Microfiction by Vinod Sudheer

Street photography captured by Vinod Sudheer mostly on an iPhone and treated using instagram and prisma filters. Each picture, mostly black and white and candid, is accompanied by a short slice-of-life story. All short stories are fictional accounts based on the men, women, children, animals and objects caught on my camera.


Wandering around with a camera that also doubles as a phone, I sometimes spot an interesting moment in an otherwise perfectly ordinary day. These are the stories that, I imagine, are hidden behind that one extraordinary second.

Vinod Sudheers photograph titled  Sulochana.JPG

Sulochana had earned the name ‘Sticky-fingers’ by the time she was eight. Things, shiny plasticky things, had a way of disappearing whenever she was around.

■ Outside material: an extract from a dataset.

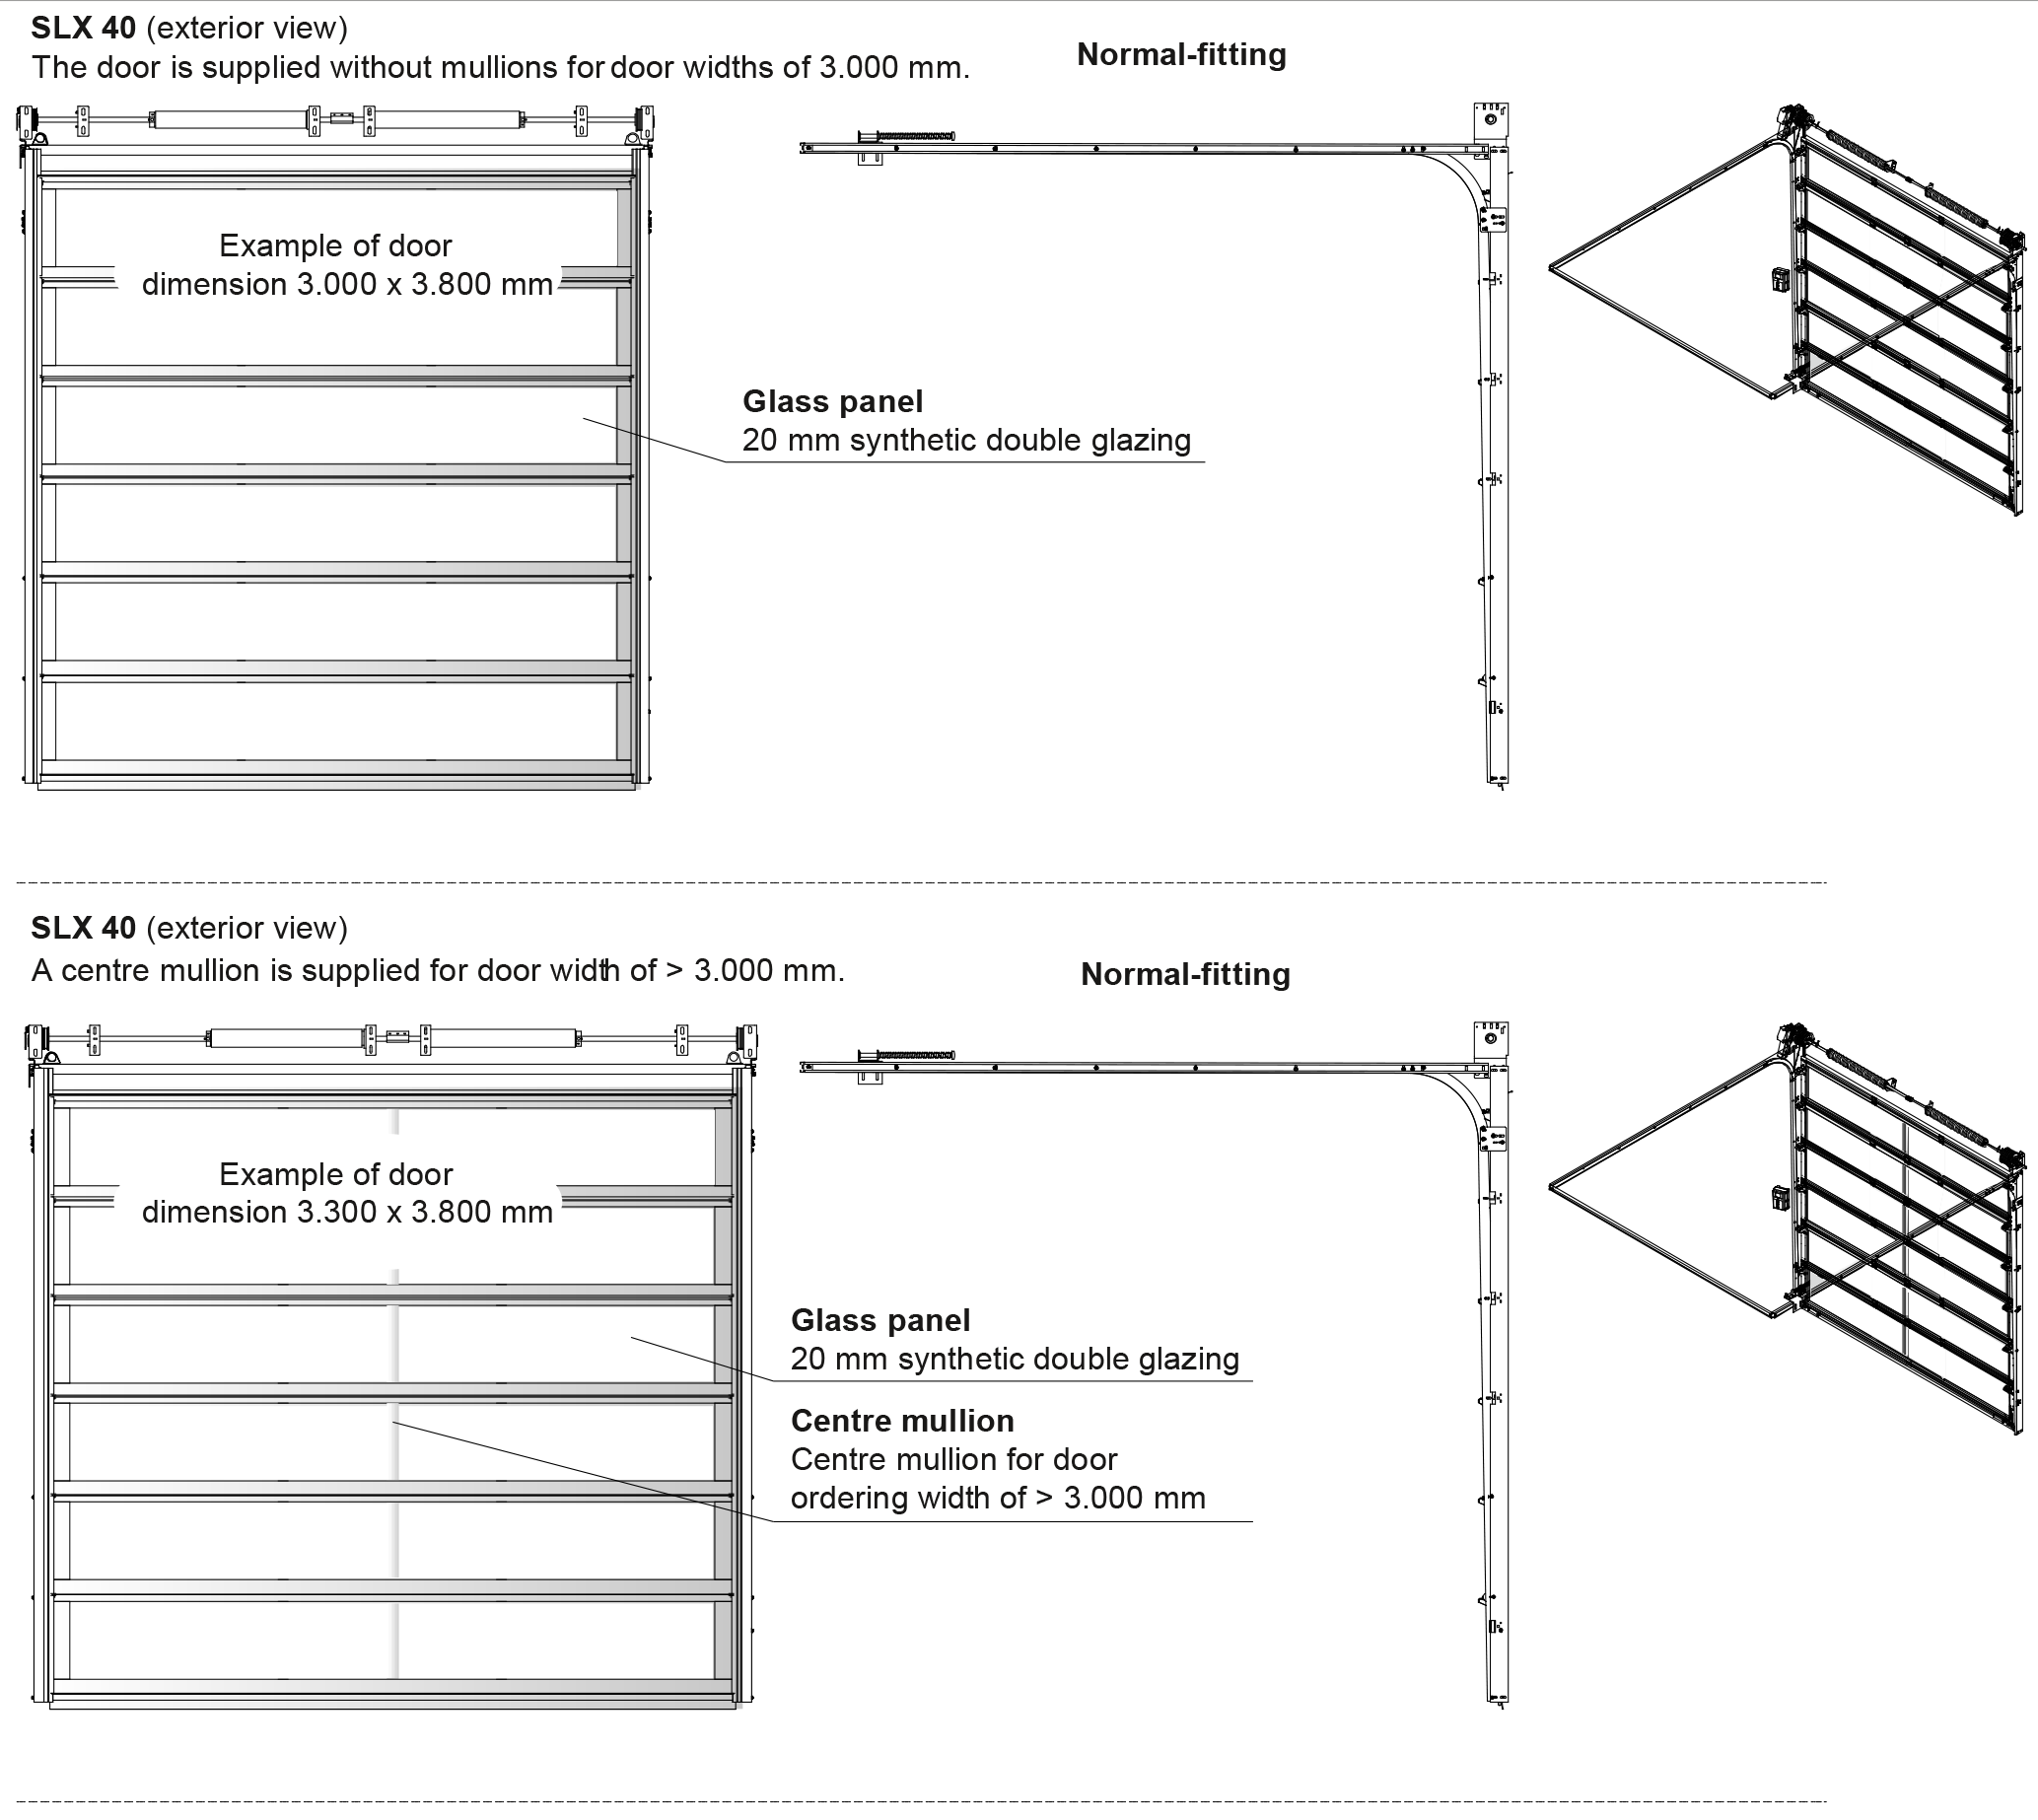 Sectional door glazing options for Teckentrup SLX 40

Her parents tried everything – reasoning, cajoling, threatening and way worse – to correct her. Nothing worked. They resigned themselves to reading about her in the paper one day and hanging their heads in shame. Then, just like that, she stopped. And everyone, including herself, sighed in relief.

Many years later Sulochana nodded off on a hot summer day, hypnotised by the katchak-katchak of the 12.15 to Ernakulam. An hour later, Sticky-fingers opened her eyes, looked around and smiled.


Vinod Sudheers photograph titled Rehan's day out

Rehan was super thrilled. Finally his parents had agreed to take him to the beach.

His parents were just as thrilled. Finally even they would have their 'cute couple on the beach' insta-post. That will show Sushma, thought his mother as she typed ...


Vinod Sudheers photograph titled Dog days.jpg

He wandered through the night gathering the pieces of a freshly shattered heart. Looking up at the sky he wondered if he would ever find someone to love him, just the way he was.

'Tada', whispered God with the hint of an all-knowing smile.


Vinod Sudheers photograph titled Coconut seller

Juhu is where a lot of dreams take wing. Today's narialwallah could become tomorrow's Shah Rukh Khan. Or so, Gajanand told himself every morning.


Vinod Sudheers photograph titled man in train

At one end of the line was home. Where his wife, two children, his mother, brother and uncle waited for him and his hard-earned money.

At the other end of the line was his job. Where his supervisor waited for him with a double-shift, a pay cut and the threat of unemployment.

And his friends wondered why Pyarelal avoided express trains.


Vinod Sudheers photograph titled Indian Guard.jpg

The residents of The Buckhingham Estate, Upper Juhu slept peacefully every night. After all, Mishra was at the gate 24X7, rain or shine, protecting them and all that they owned.

The only protection Mishra had was his fervent hope that there was someone up there looking out for him.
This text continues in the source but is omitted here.